William G. Tifft (April 5, 1932 – May 4, 2022) was an astronomer at the University of Arizona. His main interests were in galaxies, superclusters and redshift quantization. He was influential in the development of the first redshift surveys, and was an early proponent of crewed space astronomy, conducted at a proposed Moon base for example. In retirement, he was a principal scientist with The Scientific Association for the Study of Time in Physics and Cosmology (SASTPC).
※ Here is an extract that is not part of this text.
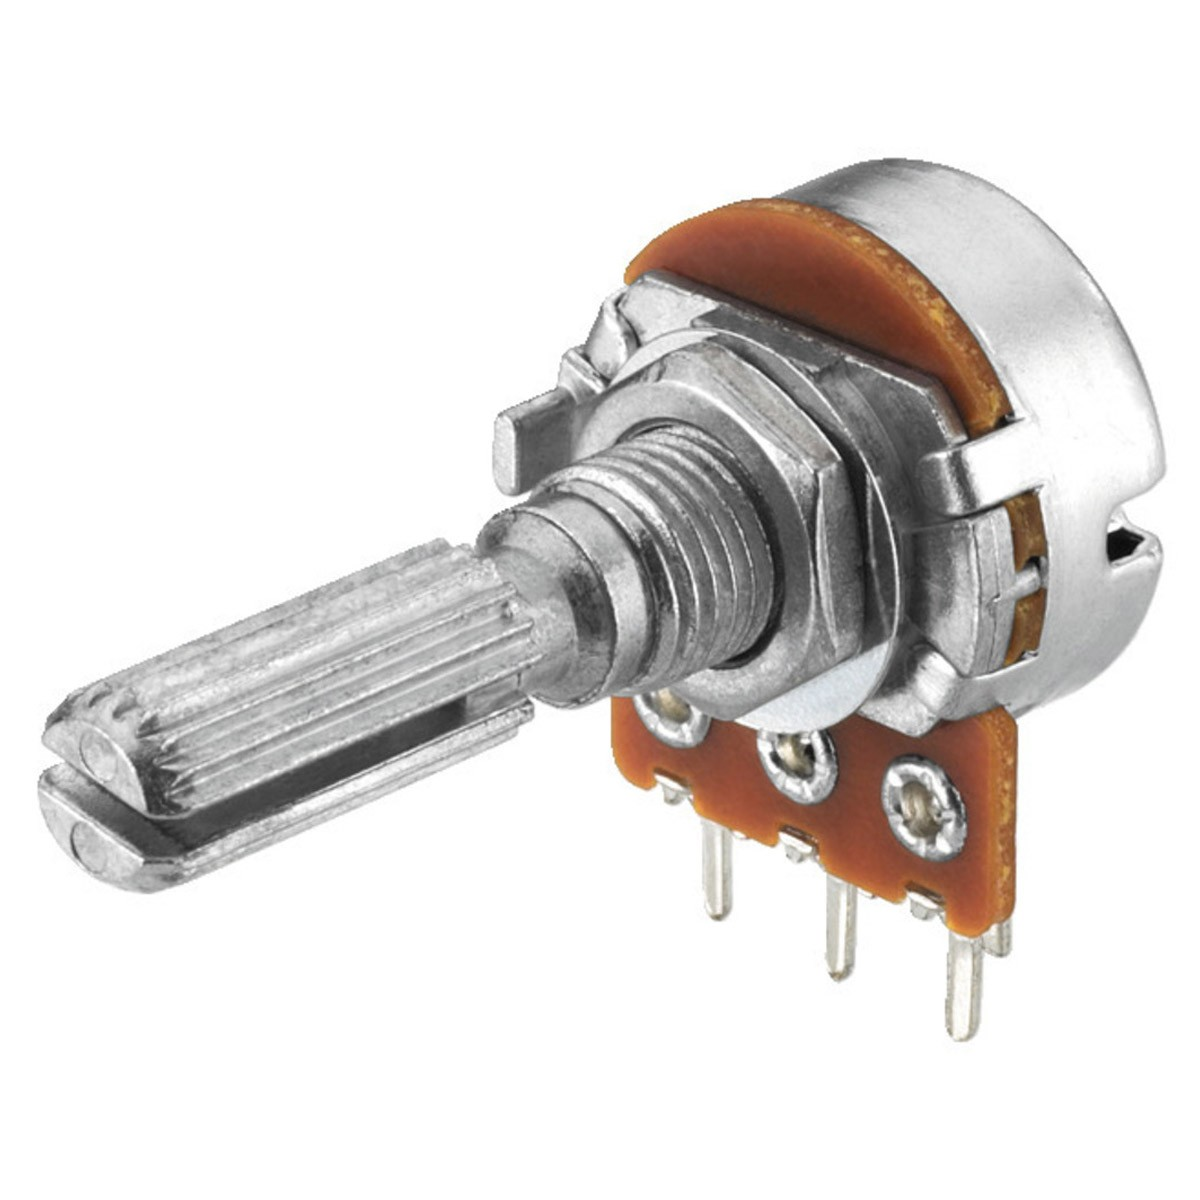 VRB-100M1000 Potentiomètre Mono 1M Ohm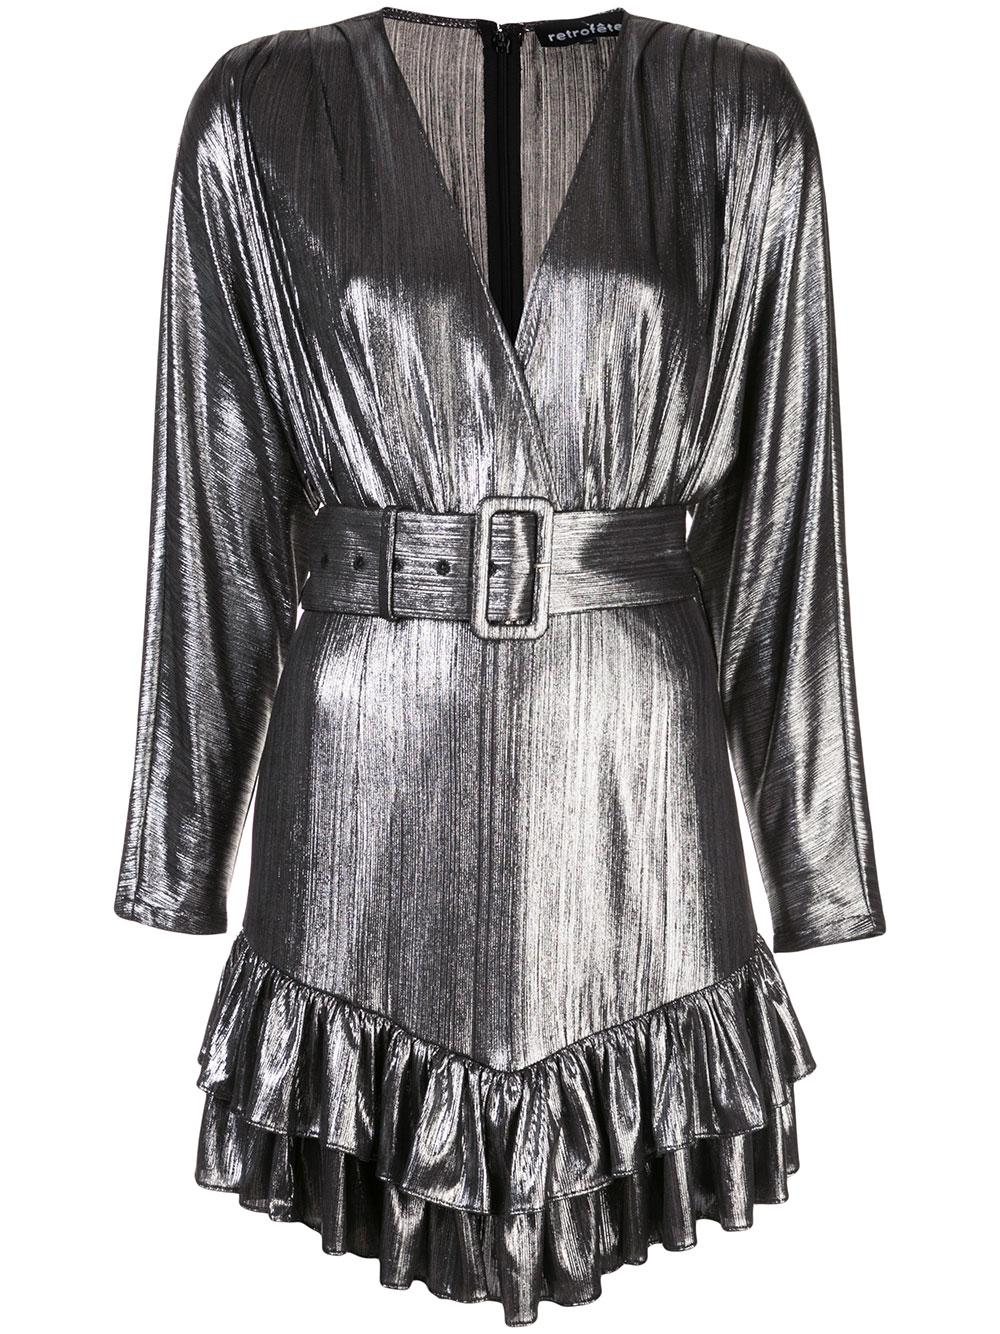 Maureen Long Sleeve Belted Dress With Ruffle Hem Item # HL20-2420

He had an A.B. in Astronomy from Harvard University (1954), and Ph.D. in Astronomy from the California Institute of Technology (1958) where he wrote his dissertation on photoelectric photometry.

==Redshift quantization==

Based on observations of nearby galaxies, Tifft proposed that the redshifts of galaxies are quantized, or that they occur preferentially as multiples of a set number. These findings on redshift quantization were originally published in 1976 and 1977 in the Astrophysical Journal. The ideas were controversial when originally proposed; the editors of the Astrophysical Journal included a note in one of the papers stating that they could neither find errors within the analysis nor endorse the analysis. Subsequently, Tifft and Cocke put forward a theory to try to explain the quantization. Tifft's results were supported by Martin Croasdale, who claimed the effect to be statistically significant and the same over the whole sky, and later Napier and Guthrie. Since the initial publication of these results, Tifft's findings have been used by others, such as Halton Arp, in making an alternative explanation to the Big Bang Theory, which states that galaxies are redshifted because the universe is expanding. However, they have not found widespread support and are now dismissed by the majority of astronomers. Tifft himself, when interviewed for the popular science magazine Discover in 1993, stated that he was not necessarily claiming that the universe was not expanding.